◆ **Task details**
The lines below must be transcribed exactly as given, with the images removed.
[[ Data block, beginning ]]
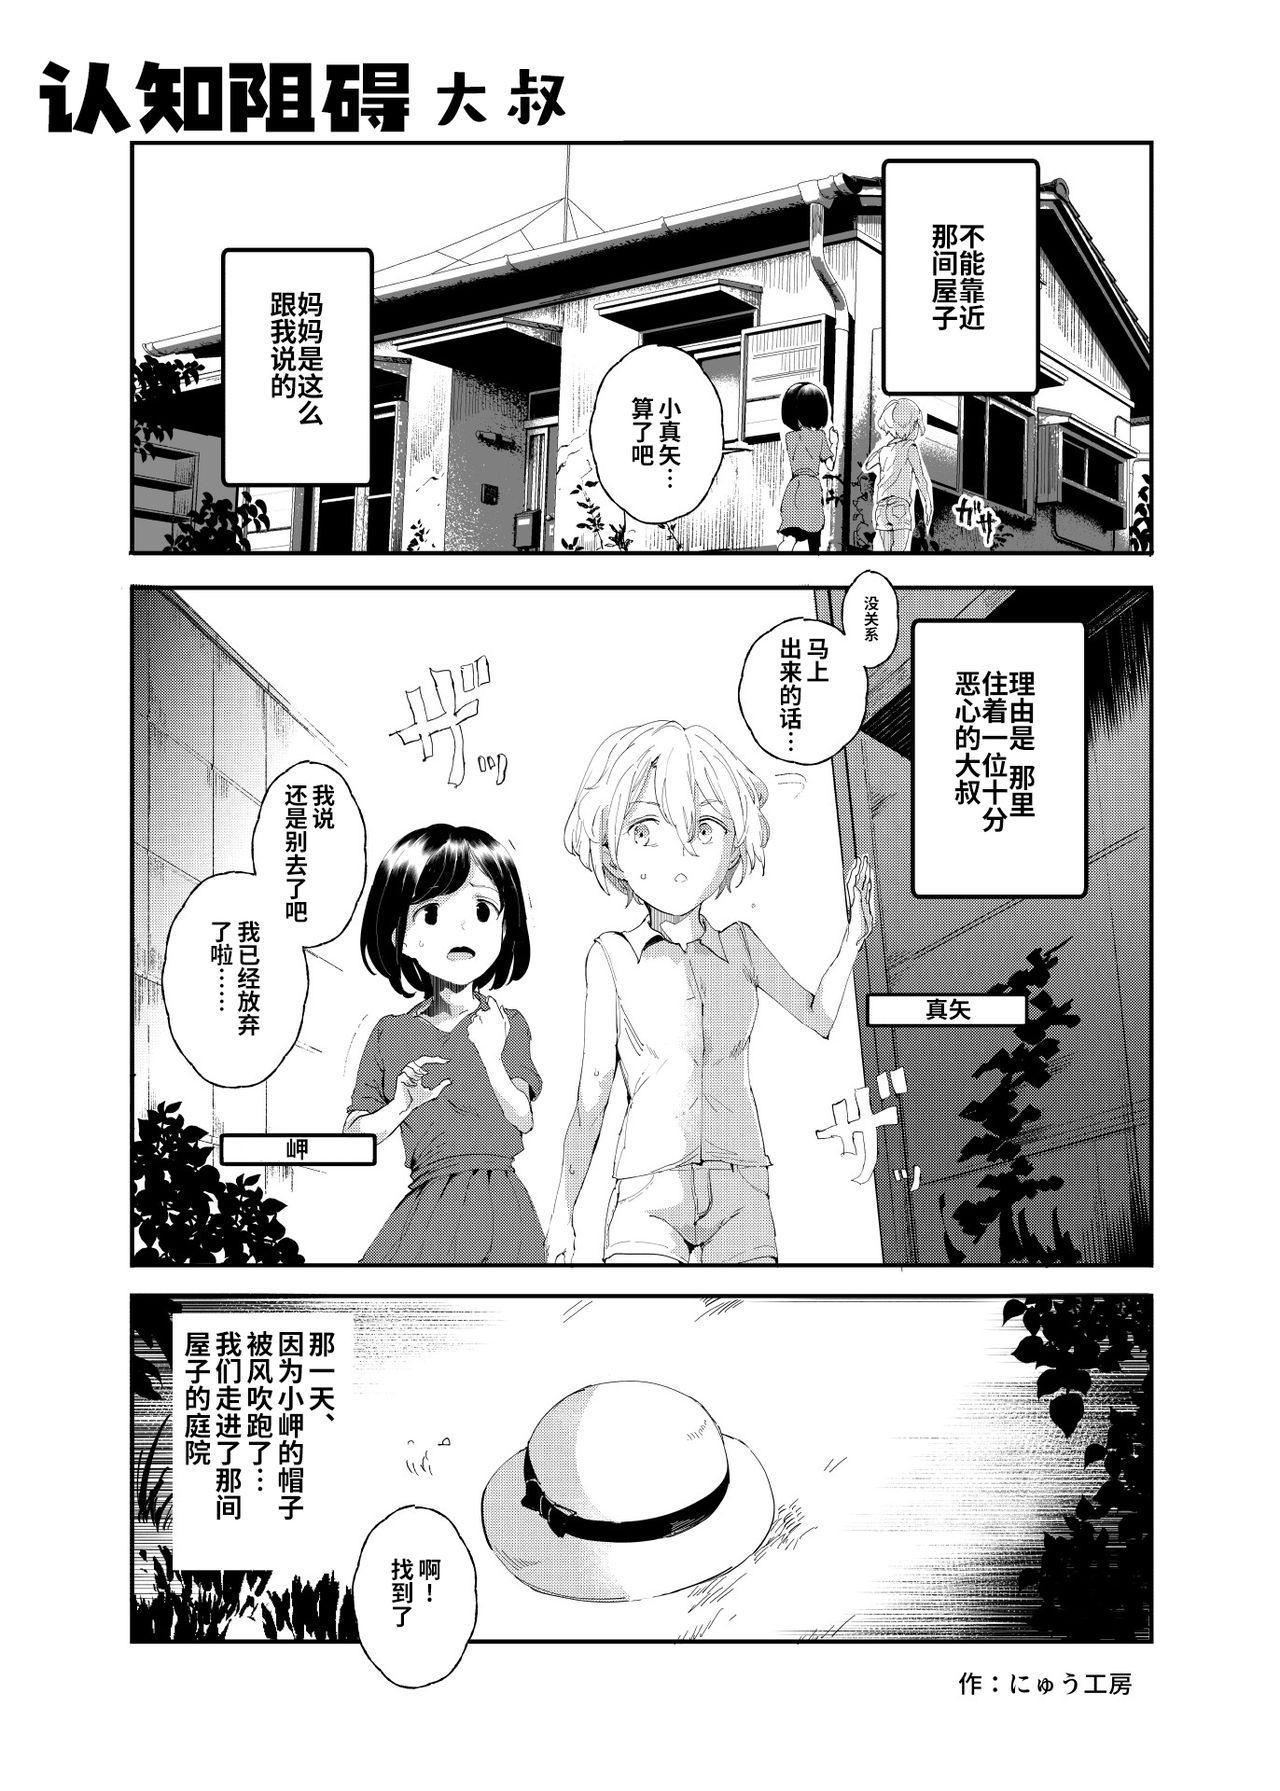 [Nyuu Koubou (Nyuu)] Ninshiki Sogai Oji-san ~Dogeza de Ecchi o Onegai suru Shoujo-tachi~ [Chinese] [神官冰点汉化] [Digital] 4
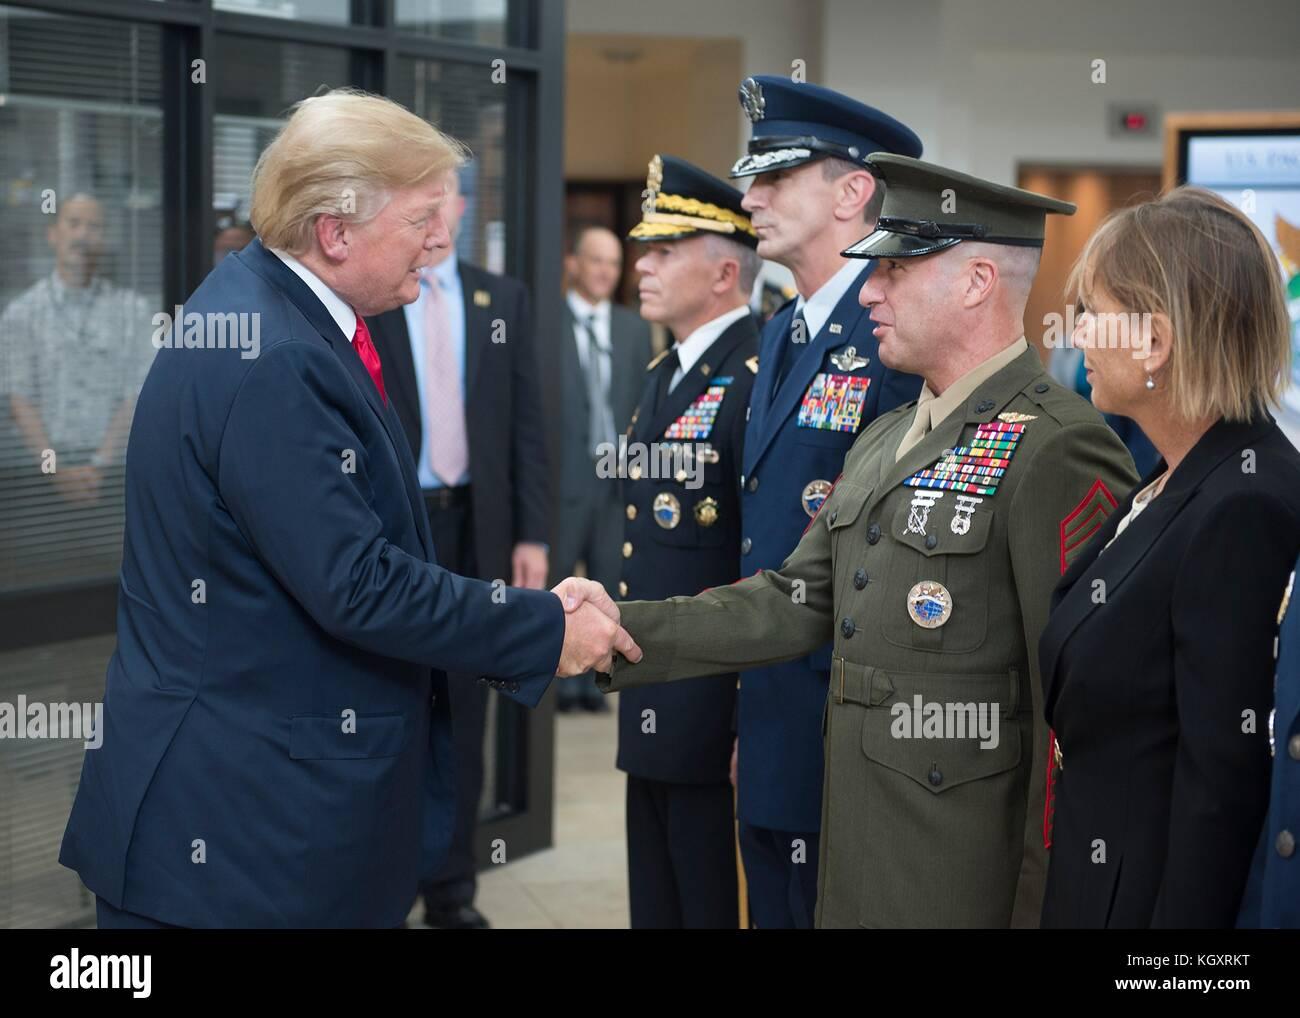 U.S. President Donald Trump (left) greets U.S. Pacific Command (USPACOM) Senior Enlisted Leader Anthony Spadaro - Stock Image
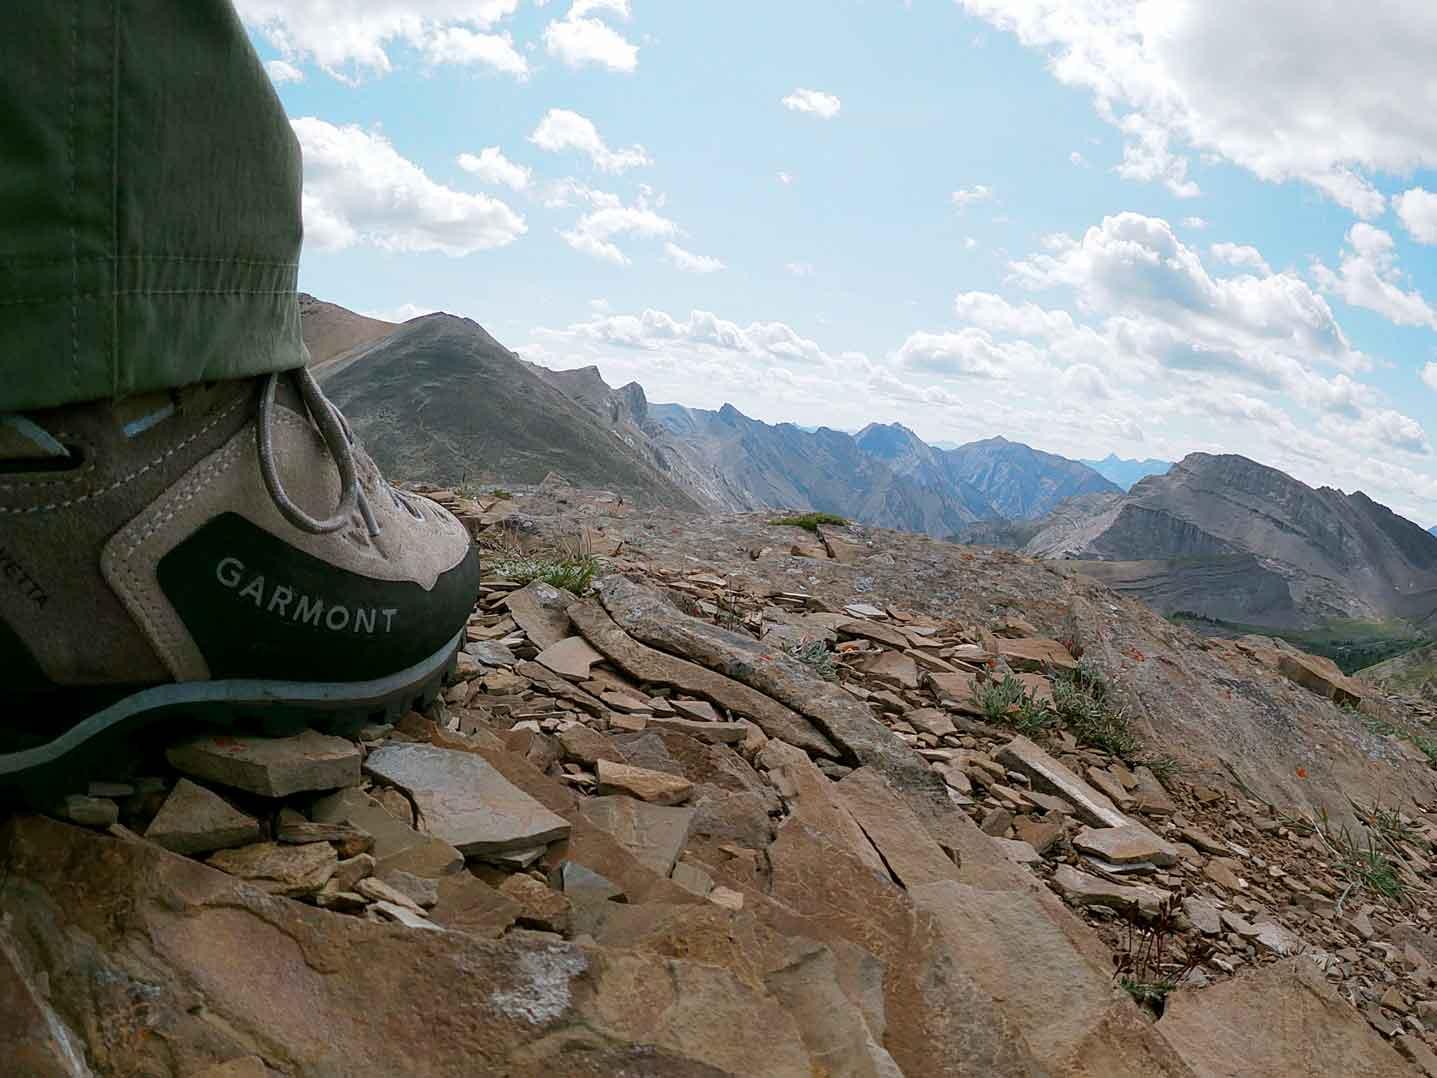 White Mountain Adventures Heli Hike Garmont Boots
[[ Data block, end ]]
◆ **Answer**
 [Nyuu Koubou (Nyuu)] Ninshiki Sogai Oji-san ~Dogeza de Ecchi o Onegai suru Shoujo-tachi~ [Chinese] [神官冰点汉化] [Digital] 4
 U.S. President Donald Trump (left) greets U.S. Pacific Command (USPACOM) Senior Enlisted Leader Anthony Spadaro - Stock Image
 White Mountain Adventures Heli Hike Garmont Boots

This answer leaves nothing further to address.